Monsanto Papers : deux avocats à l’origine de l’affaire condamnés pour extorsion

Monsanto By: Mike Mozart - CC BY 2.0

Si aujourd’hui les responsables des « Monsanto Papers » sont derrière les barreaux, les conséquences de leurs actes sont encore bien visibles dans les législations liberticides que les militants écolos ont inspirées.

Par la rédaction de Contrepoints.

Timothy Litzenburg et Daniel Kincheloe, deux avocats qui avaient défendu avec succès le jardinier Dewayne Johnson contre le géant de l’agrochimie Monsanto, ont été condamné vendredi 18 septembre par la justice américaine pour menaces d’extorsion et atteinte à la réputation envers plusieurs compagnies de produits chimiques.

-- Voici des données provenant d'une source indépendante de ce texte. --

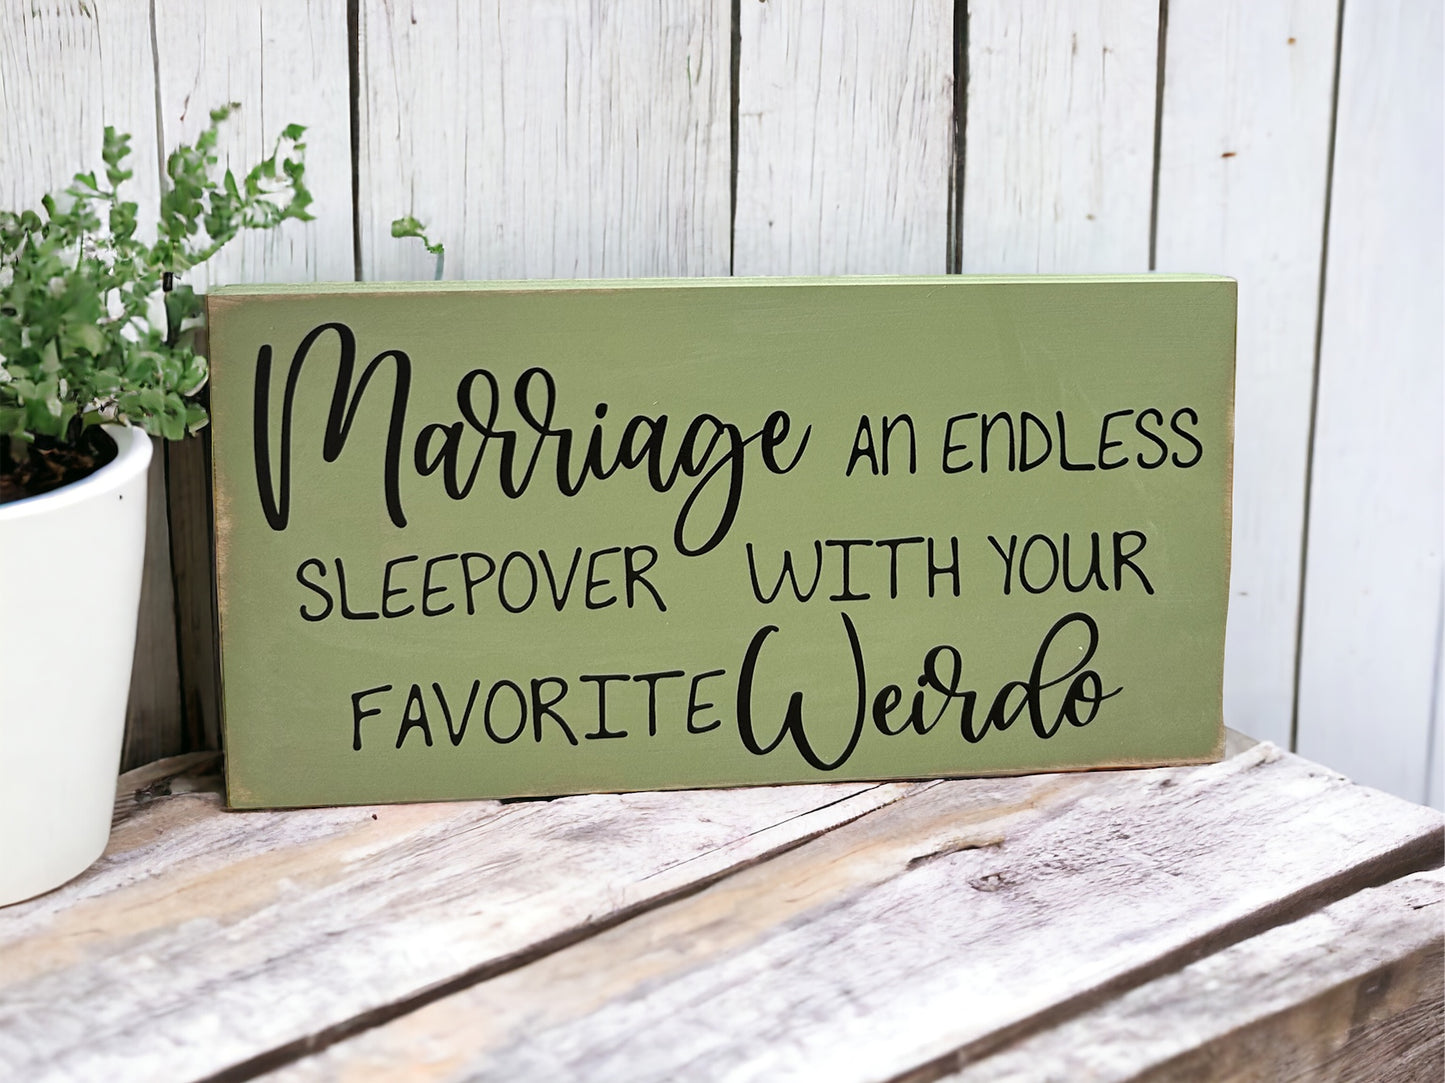 Marriage Sleepover - Funny Rustic Wood Shelf Sitter

Les deux avocats exigeaient d’être payés 200 millions en échange d’une « consultation » qui masquait leur entreprise criminelle.

« Ces deux avocats ont violé de manière flagrante leurs devoirs éthiques envers leurs propres clients en cherchant à extorquer à une société 200 millions de dollars », a déclaré le procureur général adjoint par intérim Brian C. Rabbitt du ministère de la Justice. « Les avocats qui franchissent la ligne et abusent de leur statut d’officier de justice seront tenus responsables de leurs actes ».

M. Litzenburg a été condamné à une peine de 24 mois de prison, tandis que M. Kincheloe a quant à lui écopé d’une peine de 12 mois de prison. Les deux hommes avaient plaidé coupable lors de leur procès.

Une campagne orchestrée contre Monsanto

Les deux avocats ont à l’origine des Monsanto Papers, une large campagne relayée par la presse pour convaincre des méfaits des produits Monsanto et en particulier de son produit phare, le Roundup.

En effet, depuis des années Monsanto est dans le collimateur des écologistes pour son herbicide, le Roundup, qui contient une molécule, le glyphosate, accusée d’être « cancérogène ». La pression est forte, en particulier sur le gouvernement français, pour en interdire l’usage aux particuliers, ce qu’il finit par faire le 1er janvier 2019 contre l’avis des scientifiques et des agriculteurs qui l’utilisent.

Armand Paquereau écrivait dans Contrepoints ce qui lui semblait être une défaite de la science :

« Vouloir continuer à interdire le glyphosate, utilisé depuis 45 ans, dont personne n’a pu prouver durant une aussi longue expérience une dangerosité, où la majorité s’accorde maintenant à reconnaître qu’il n’est ni CMR ni PE est une ineptie incommensurable.

Des effets politiques durables

Il est temps de reconnaître ses avantages indéniables et l’aide irremplaçable qu’il apporte aux agriculteurs et autres utilisateurs (particuliers, SNCF, communautés territoriales) pour lutter contre les adventices envahissantes, voire dangereuses (ambroisie, datura, chardons, etc.) »

Si, aujourd’hui, les responsables des Monsanto Papers sont derrière les barreaux, les conséquences de leurs actes sont encore bien visibles dans les législations liberticides que les militants écologistes ont inspirées.